Step Seven: Humbly asked Him to remove our shortcomings.

Next up on my Character Defects List: Judgement.

True story: I’m taking my dog for a walk. He’s clearly got to go number two. We’ve just had pounds of snow dropped everywhere. He won’t go on cement. It must be ground. Each time he ventures onto a front lawn he’s engulfed; the snow hides his tall legs and cools his belly. He jumps out and we keep searching. Finally, he gives in, stops at the end of driveway, backs up to a 5’ pile, and starts the process. His spine is super-arched as he keeps scooting into the drift. He looks like Golem. It’s awkward and embarrassing.

For me. So I start to tease my own dog. “Look like an idiot,” I say. “Real manly.” I emasculate him.
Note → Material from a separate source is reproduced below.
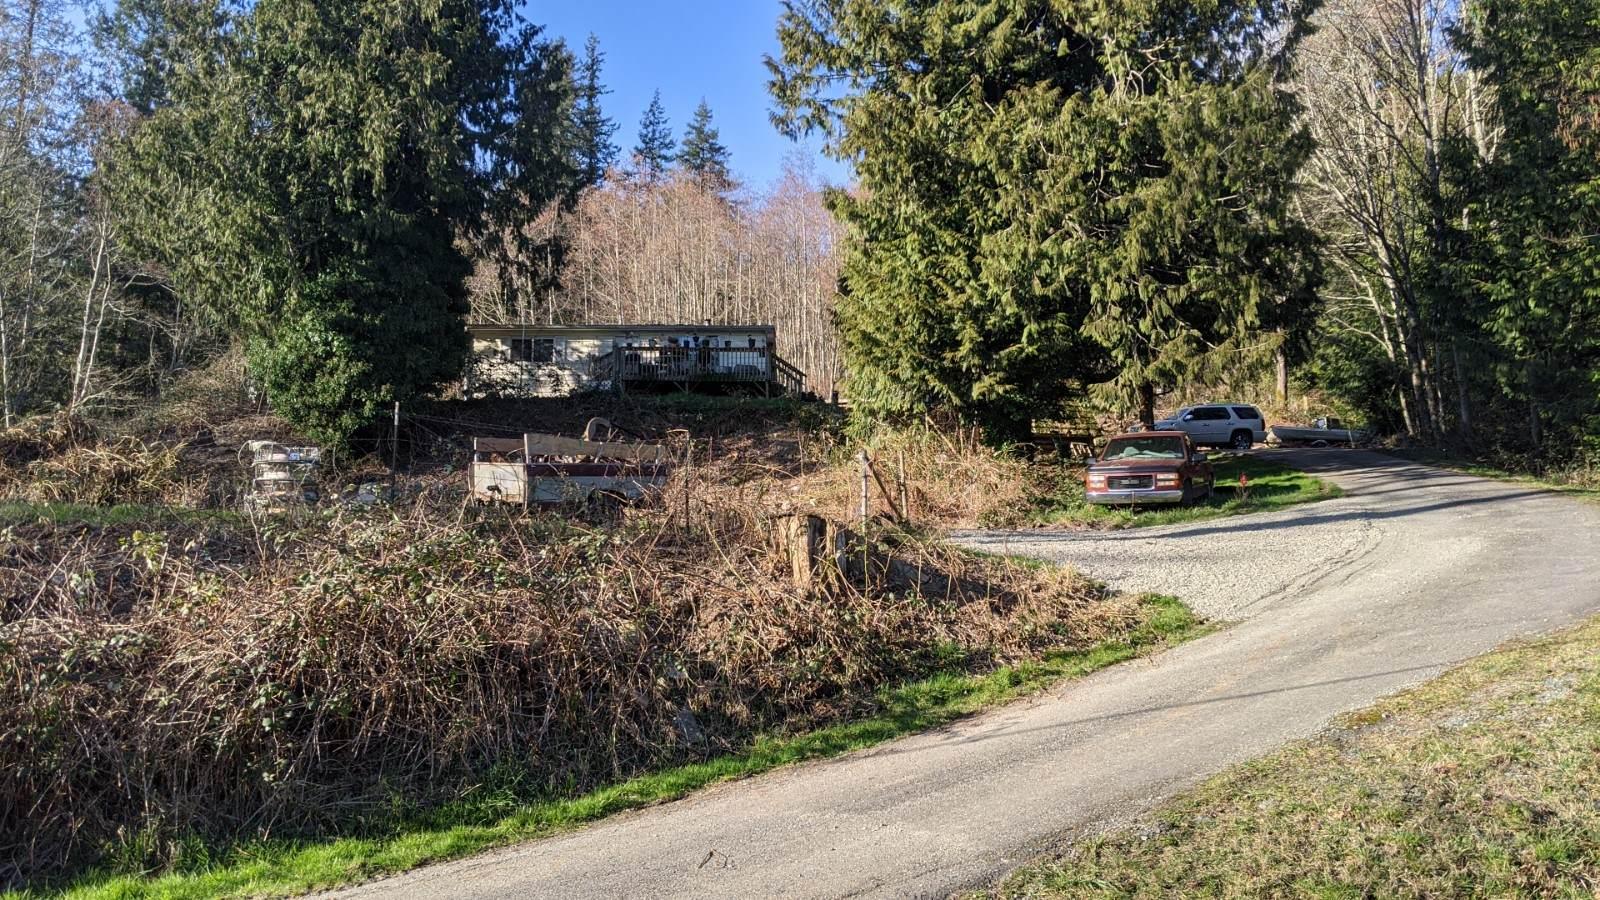 24903 Old Day Creek Road, Sedro Woolley, Washington 98284, 2 Bedrooms Bedrooms, ,2 BathroomsBathrooms,Residential,For Sale,24903 Old Day Creek Road,1744639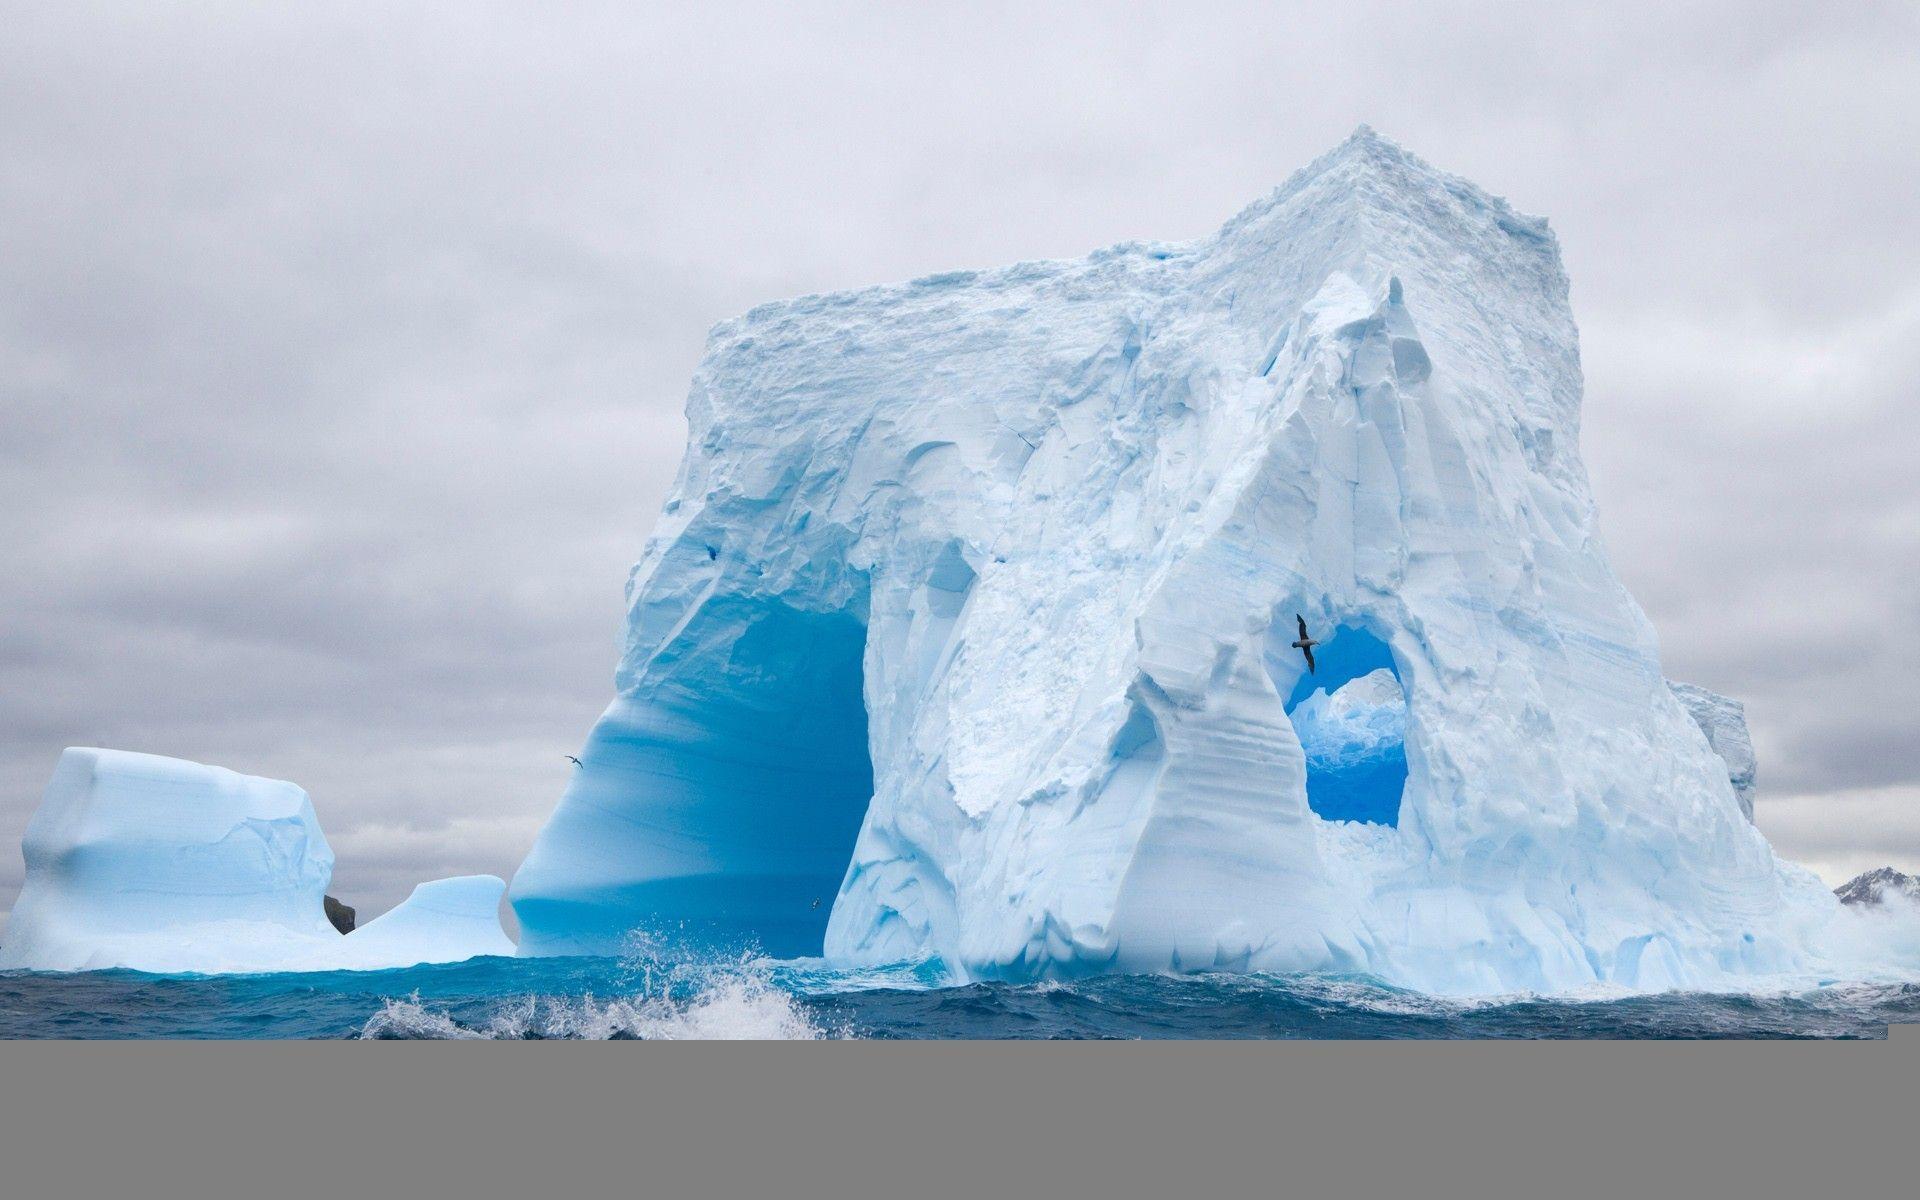 Antarctica HD Wallpapers - Travel HD Wallpapers

I look aound.

The waste comes out smooshed when it hits the layer of fluffy snow, sinks in and creates a cooling tennis ball. Exactly at hand level. I didn’t have to bend down. It was right there, perfectly sized and shaped for plucking with a plastic baggie. It was the next generation in dog pooping.

See, I did not wait for the play to develop.

So much judgement goes away, given enough time. In this case, the length of a crap.

Today’s Mission: Wait. Do not predetermine or suppose or “have an idea.” See what happens, and note how often it’s nothing.

One thought on “a lesson from dogsh*t.

  1. It does seem like “wait”, “don’t react”, and “think first”, have been themes (or is it memes) lately.